A growing number of ministers have been writing to me in recent months, telling of their concern for parishioners who are simply giving up. One minister wrote, “I see my church members trying so hard to cope with problems in their marriages and pressures in their personal lives. Just when it seems victory is within reach, they stumble and fall. Good, honest Christians are so often overwhelmed by guilt and condemnation, it causes despair. And when they can’t live up to their own expectations – when they fall back into sin and get involved – they decide to give up. Few know how to pull out of a moral tailspin.”
I agree with the assessment of these ministers. Growing numbers of Christians are at the breaking point. None of the talk about giving up has to do with the Lord. Few Christians would even entertain thoughts of quitting on their love for Jesus. Most despairing Christians think only of giving up on themselves. You hear it so often now, “I just can’t go on anymore. I can’t make it, even though I try so hard. It’s hopeless! Why try?”
I hear some ministers today who continually preach only a positive message.
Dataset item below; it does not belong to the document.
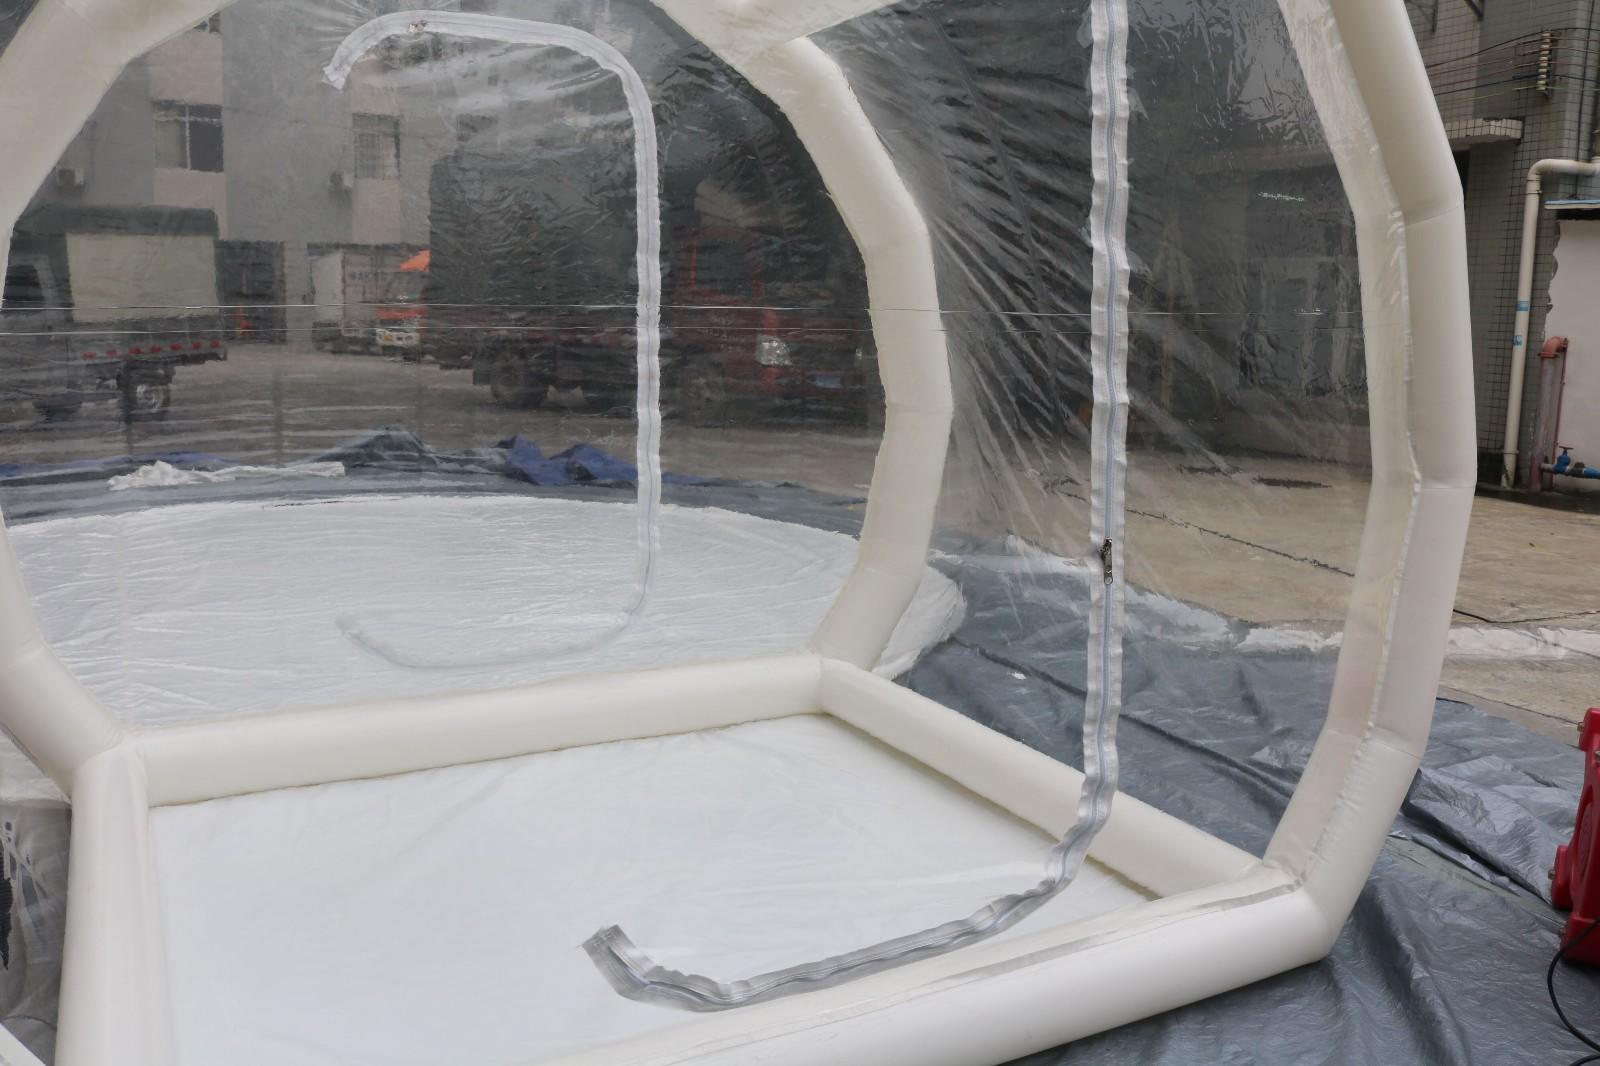 JOY inflatable bridge bubble tent manufacturer supplier for kids

To hear them tell it, every Christian is receiving miracles – everybody is getting instant answers to prayer – everybody is feeling good, living good, and the whole world is bright and rosy. I love to hear that kind of preaching, because I really wish all those good and healthy things for God’s people. But that’s not the way things are for a great number of very honest, sincere Christians. How sad to hear such shallow theology being pushed from pulpits today. It’s an insult to a lowly Jesus, who became poor, who died a failure in the eyes of the world. It is the kind of materialistic preaching that has so ill-prepared an entire generation to endure any kind of pain – to be content with such things as they have – to be abased and not always abounding. Serving God becomes a kind of Olympic race in which everyone must strive for the golf medals.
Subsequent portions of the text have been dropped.